Portugal warns US against aid to rebels fighting Marxist rule in Angola
Lisbon — Portugal is trying to dissuade the United States from giving aid to UNITA guerrillas fighting Angola's Marxist government. Foreign Minister Andre Goncalves Pereira said recently that Portugal would oppose any US move to support the Luanda government's internal enemies.
Lisbon's own relations with its former African colony have improved greatly over the past few months, and the government thinks Western interests are best served by coming to terms with Angola's Marxist leadership.
Despite the Angolan government's dependence on Soviet arms and an estimated 15,000 to 19,000 Cuban troops, only a small percentage of the country's external trade is with Eastern bloc countries.
The main markets for Angola's valuable exports, including oil, diamonds, and coffee, is the West, which in return can offer badly needed finance and technology for the country's development.

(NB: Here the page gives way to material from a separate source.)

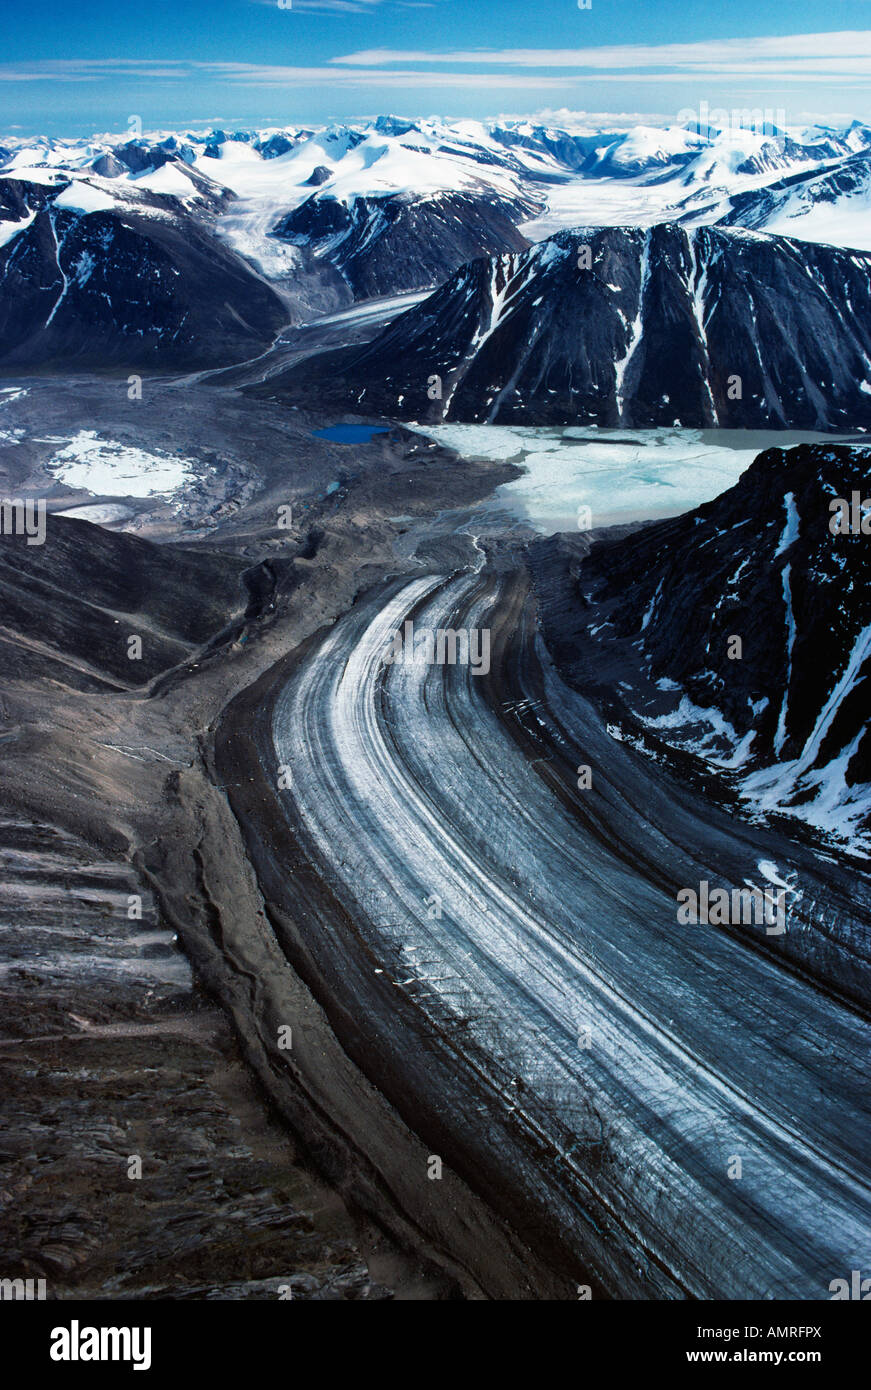 Aerial View Of Norman Glacier, Glacier Lake, Mt Battle Auyuittuq National Park, Nunavut, Canada Stock Photo

Portugal believes that Angola's leaders are essentially pragmatists, more committed to national development than Marxist theory.
Foreign Ministry officials say privately that the more Angola becomes economically dependent on the West, the more its leaders will shrug off the Soviet political grip.
The officials also doubt whether guerrillas of Jonas Savimbi's National Union for the Total Independence of Angola (UNITA) could form a stable national government if the ruling Popular Movement for the Liberation of Angola (MPLA) Workers' Party were overthrown.
Many of them know personally the leaders of both sides and are deeply suspicious of UNITA's mainly regional appeal and its almost exclusive power base among the Ovimbundu tribe.
The Portuguese government thinks that destabilization in Angola would jeopardize a peace settlement in neighboring Namibia (South-West Africa) and could plunge southern Africa into political chaos that would only be detrimental to Western interests.
Speaking to foreign journalists, Mr. Goncalves Pereira said President Reagan's efforts to repeal the Clark amendment (which bans covert US aid to Angolan opposition forces), was an American internal matter.
He acknowledged that an eventual repeal might put psychological pressure on Angola to accept new Western proposals for a peaceful independence settlement in Namibia.
But the foreign minister was firm in opposing any US move to support Angolan dissidents, and informed sources said he had put this view strongly to US Defense Secretary Caspar Weinberger during a Lisbon stopover in late May.
Mr. Goncalves Pereira said Portugal had not been asked to take part in the international search for a Namibia settlement, but added that Lisbon wanted to contribute to a peaceful solution of the problem.
Portugal is in a unique position to be a mediator between Angola and the West. It ruled Angola until 1975 and there is new warmth in relations between Lisbon and Luanda.
President Antonio Ramalho Eanes plans to undertake the first visit ever to Angola by a Western head of state since the country's independence later this year.
Lisbon wants to see peace and stability in southern Africa, but its main interest there is commercial, not political.
The Portuguese are anxious to recover trade with Angola and Mozambique and to win contracts for the economic development of their former colonies.
Last April, Secretary of State for Energy Joao Nuno de Carvalho Carreira visited Angola to clear the way for Portuguese companies to assist in the expansion of the country's electrical power network. He came away with an additional promise that Portugal would also be given a share in developing Angola's offshore oil.
Angolan Energy Minister Pedro Van Dunem will visit Lisbon this month to take matters further.
So long as Portugal is able to develop trade links with southern Africa freely, it has no great ambitions to take part in a new Geneva conference.